那些尸傀的动作僵硬但速度不慢,朝我们涌来。它们刀枪不入,不怕疼痛,除非被斩成碎片,否则就会一直攻击。
年轻男人率先冲了上去,长剑上亮起淡蓝色的光芒,一剑斩在最近的一具尸傀身上。尸傀被斩成两半,但断成两截的身体还在蠕动,上半身用双手爬行,继续朝我们靠近。
“斩成碎片!”我喊道,“不然还会动!”
我挥剑斩出,金色剑芒将一具尸傀绞成了碎块。碎块在地上抽搐了几下,终于不动了。
但尸傀太多了。

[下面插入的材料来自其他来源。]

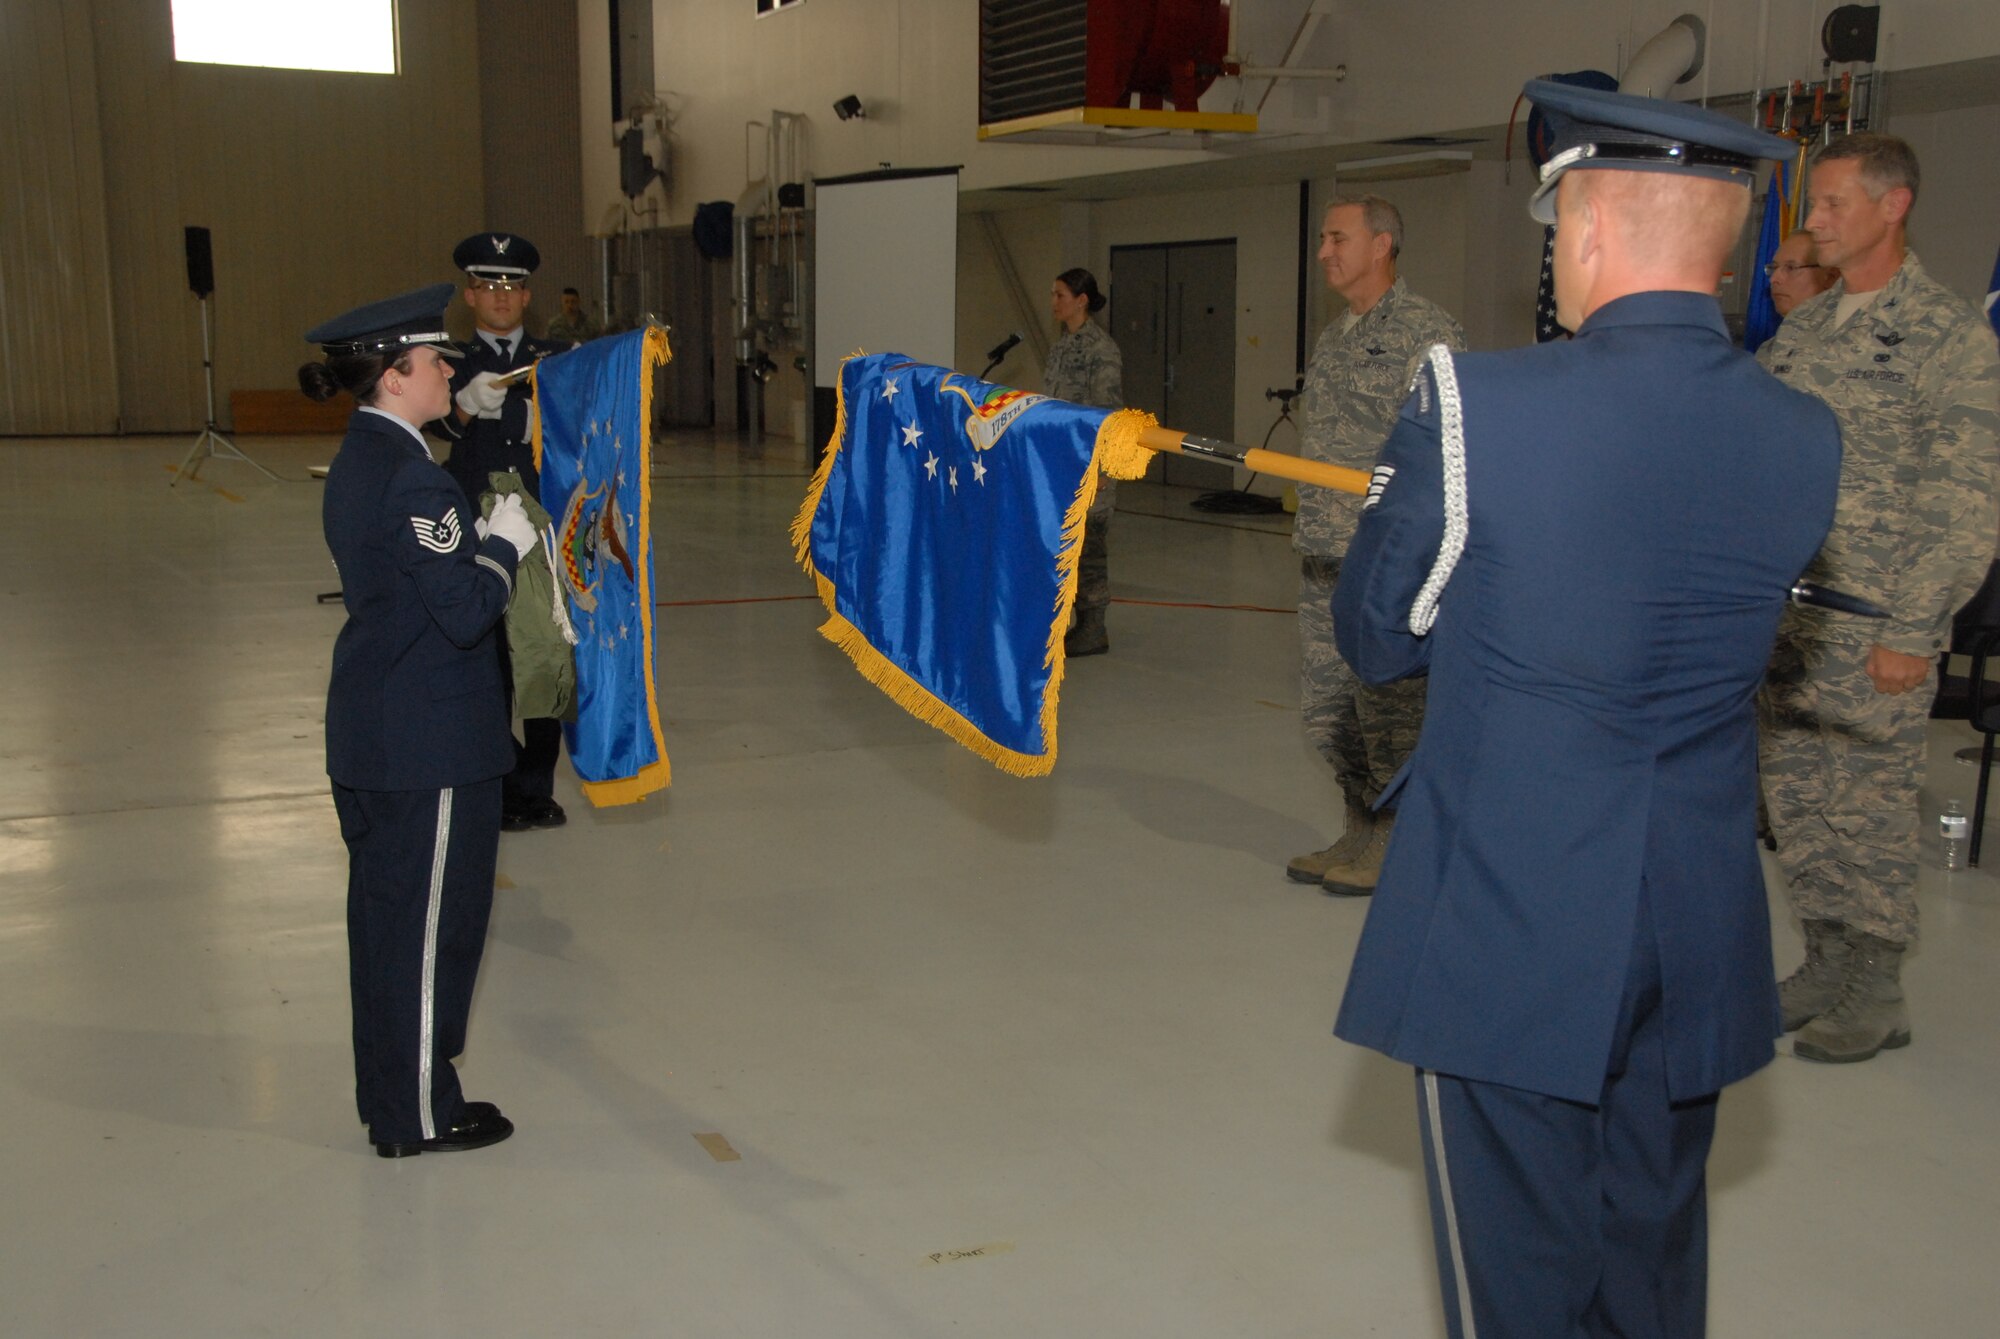 The 178th Honor Guard furls the 178th Fighter Wing Flag and unfurls the 178th Wing flag symbolizing the wings mission transition during a redesignation ceremony at the Springfield Air National Guard Base, Aug 3. While the name change was official July 1, the ceremony reflected a four-year conversion from the 178th FW that supported a flying mission to the 178th Wing, which now has intelligence, surveillance, reconnaissance and support missions. (Ohio Air National Guard photo by Master Sgt. Seth Skidmore/Released)
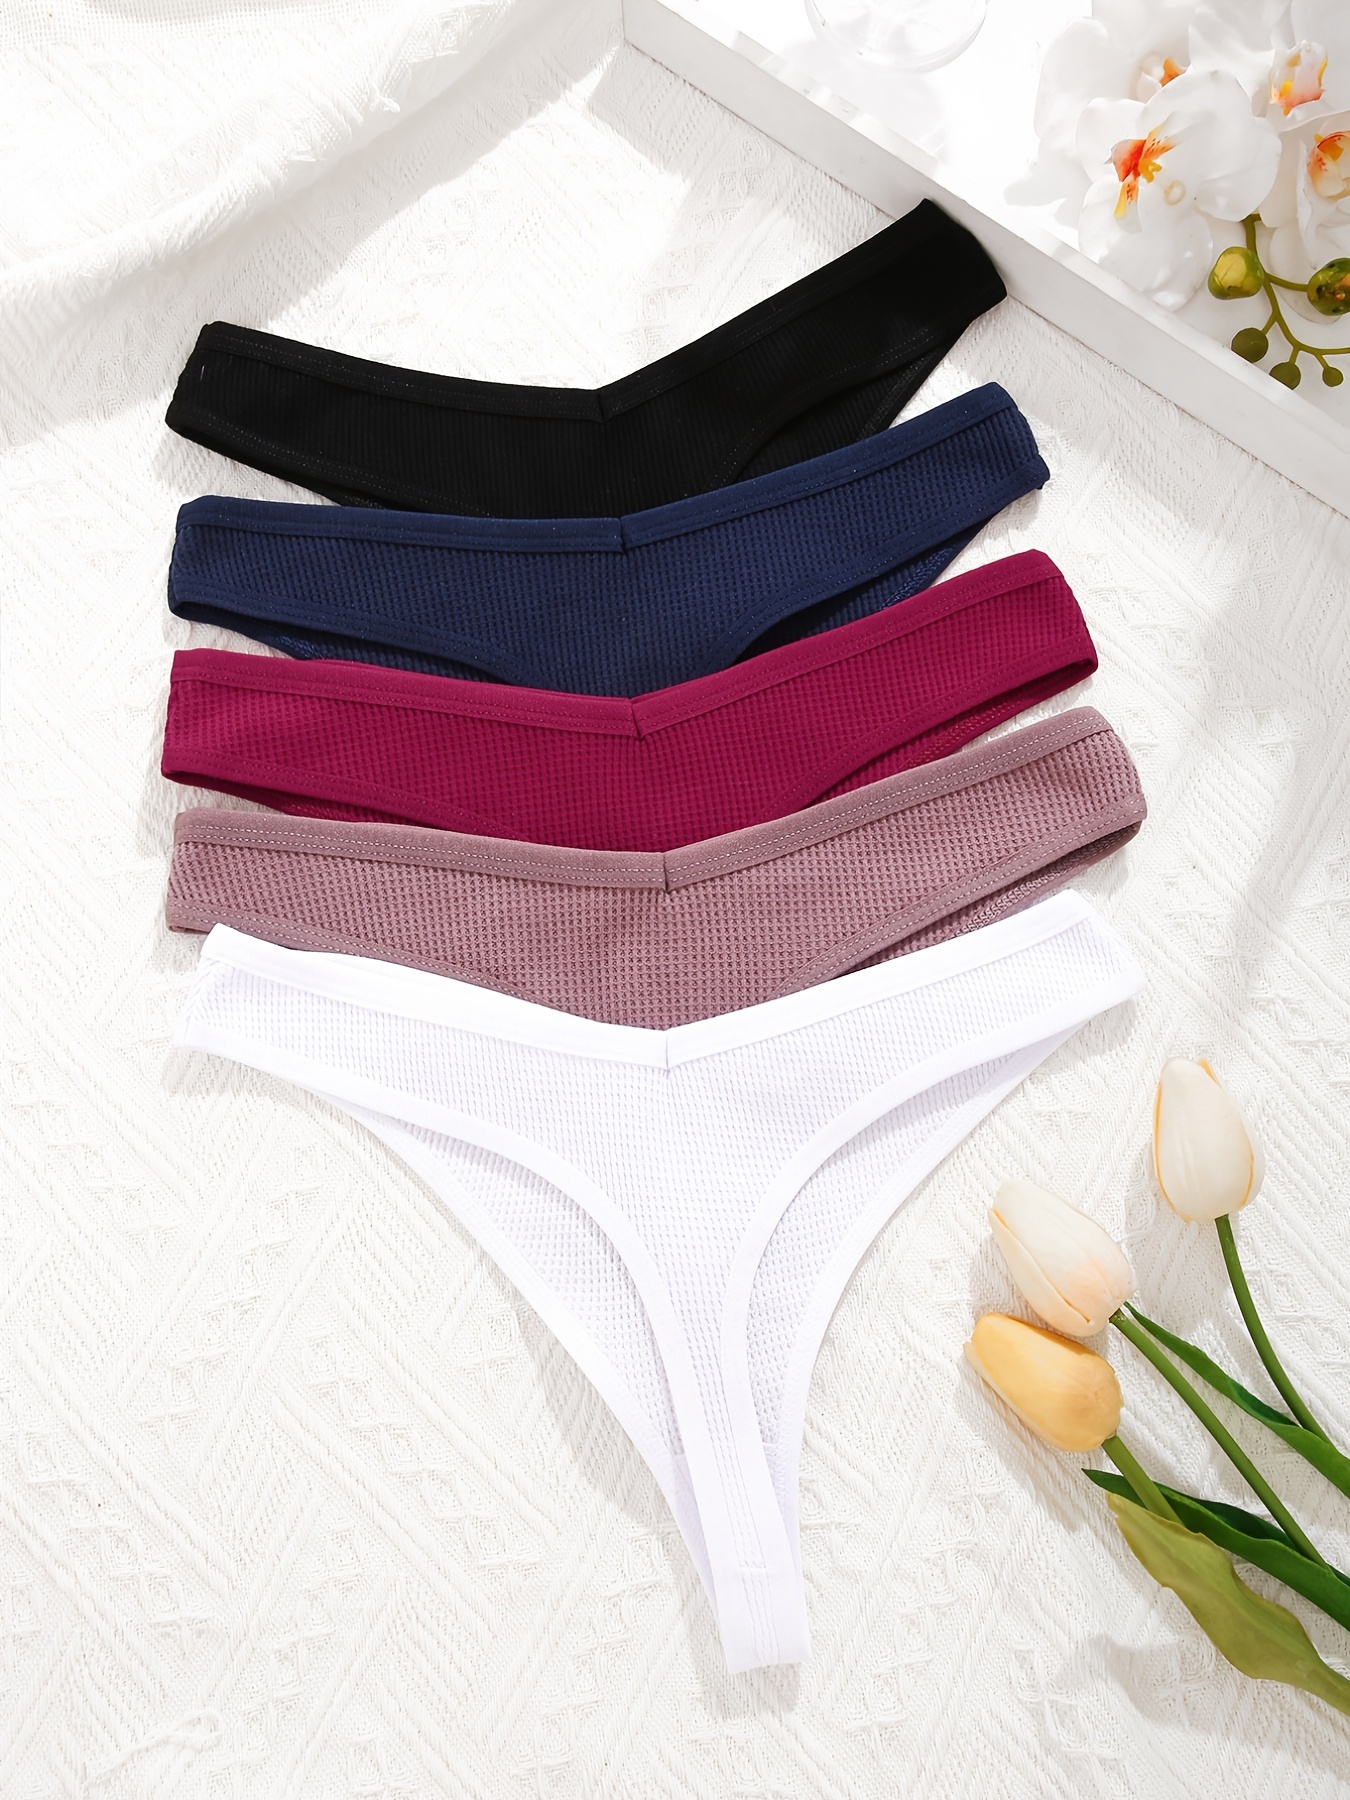 FINETOO 10 Pack Thongs for Women Cotton Underwear Breathable Stretch Low  Rise Hipster Panties Sexy S-XL : : Clothing, Shoes & Accessories

上百具,我们三个人,一剑一剑地砍,砍到天亮也砍不完。
“心莉,困魔旗!”我喊道。
“用完了。”夏心莉说,“最后一面在安阳城用掉了。”
安阳城?她什么时候去过安阳城?
现在不是问这个的时候。
血袍老者坐在祭坛中央,饶有兴致地看着我们被尸傀围攻,像是在看一场好戏。他的手指不断在空中划着符文,每划一下,就有新的尸体从地上站起来。
这个祭坛下面,不知道埋了多少尸体。
“退!”我喊道,“先退出去!”
我们三人边战边退,但尸傀的速度不比我们慢,死死地咬在身后。年轻男人的右腿被一具尸傀咬了一口,肉都被撕掉了一块,鲜血直流。夏心莉的右肩被尸傀的利爪划了一道口子,道袍被撕破,露出里面白色的衬衣。
我的情况也好不到哪去。左肋的伤让我每呼吸一下都疼得像被刀割,左臂之前受的伤还没好利索,现在又添了新伤。
我们退到一片相对开阔的地方,背靠一块巨大的岩石,挡住了尸傀的包围圈。
“这样下去不行。”年轻男人喘着粗气,“我们会被耗死的。”
“你叫什么名字?”我忽然问。
年轻男人愣了一下:“陆沉舟。”
“陆沉舟,你还能打吗?”
“死不了就能打。”
我点了点头,看向夏心莉:“心莉,你的箫声能定住这些尸傀吗?”
“定不住。”夏心莉说,“尸傀没有魂魄,只有施术者的意志。我的箫声对它们没用。”
“那你能找到施术者的位置吗?”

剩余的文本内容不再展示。